Work required:
Where the word "Color" appears in a line of the entries below, count that line and give the total alone.

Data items
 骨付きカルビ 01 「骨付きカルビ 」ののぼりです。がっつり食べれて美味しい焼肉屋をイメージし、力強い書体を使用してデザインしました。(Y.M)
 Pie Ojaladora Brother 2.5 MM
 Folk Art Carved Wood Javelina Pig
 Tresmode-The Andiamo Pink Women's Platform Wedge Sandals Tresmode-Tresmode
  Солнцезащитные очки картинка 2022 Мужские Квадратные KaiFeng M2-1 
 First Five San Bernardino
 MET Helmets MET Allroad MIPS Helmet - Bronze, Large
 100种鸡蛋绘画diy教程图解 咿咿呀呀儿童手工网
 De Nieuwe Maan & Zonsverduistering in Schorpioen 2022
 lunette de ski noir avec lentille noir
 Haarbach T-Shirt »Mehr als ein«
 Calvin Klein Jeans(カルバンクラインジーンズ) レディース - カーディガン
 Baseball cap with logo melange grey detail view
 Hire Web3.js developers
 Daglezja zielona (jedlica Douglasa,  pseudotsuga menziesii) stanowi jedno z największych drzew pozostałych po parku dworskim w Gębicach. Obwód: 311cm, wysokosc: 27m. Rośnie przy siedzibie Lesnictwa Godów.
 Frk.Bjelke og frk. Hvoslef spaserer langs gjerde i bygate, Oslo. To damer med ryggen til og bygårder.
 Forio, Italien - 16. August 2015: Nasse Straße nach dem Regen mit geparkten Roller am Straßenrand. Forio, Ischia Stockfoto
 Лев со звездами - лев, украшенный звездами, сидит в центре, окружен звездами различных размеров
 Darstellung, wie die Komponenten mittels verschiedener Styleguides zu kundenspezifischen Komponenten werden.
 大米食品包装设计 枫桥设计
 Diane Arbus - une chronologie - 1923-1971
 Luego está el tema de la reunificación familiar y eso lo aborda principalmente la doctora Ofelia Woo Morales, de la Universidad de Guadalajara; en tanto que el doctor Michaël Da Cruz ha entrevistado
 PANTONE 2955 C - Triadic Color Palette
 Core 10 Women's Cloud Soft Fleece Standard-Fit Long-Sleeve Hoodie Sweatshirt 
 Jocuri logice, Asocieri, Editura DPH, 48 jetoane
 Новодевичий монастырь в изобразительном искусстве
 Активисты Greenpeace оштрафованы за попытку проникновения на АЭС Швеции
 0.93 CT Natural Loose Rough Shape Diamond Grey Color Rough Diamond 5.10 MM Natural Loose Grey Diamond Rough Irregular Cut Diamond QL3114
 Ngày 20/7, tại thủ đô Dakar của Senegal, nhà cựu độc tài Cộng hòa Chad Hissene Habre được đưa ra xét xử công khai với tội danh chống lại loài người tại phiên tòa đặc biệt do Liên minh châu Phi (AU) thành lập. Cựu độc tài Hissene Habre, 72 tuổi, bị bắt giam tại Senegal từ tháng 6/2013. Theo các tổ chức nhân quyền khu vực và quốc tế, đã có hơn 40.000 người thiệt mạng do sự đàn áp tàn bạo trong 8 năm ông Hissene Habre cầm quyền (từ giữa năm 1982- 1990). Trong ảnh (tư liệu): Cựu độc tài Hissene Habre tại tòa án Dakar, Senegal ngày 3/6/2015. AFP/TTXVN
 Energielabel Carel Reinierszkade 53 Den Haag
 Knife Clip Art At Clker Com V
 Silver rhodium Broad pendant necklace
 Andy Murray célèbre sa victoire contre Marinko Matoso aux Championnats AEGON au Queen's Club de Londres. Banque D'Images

Exercise result:
2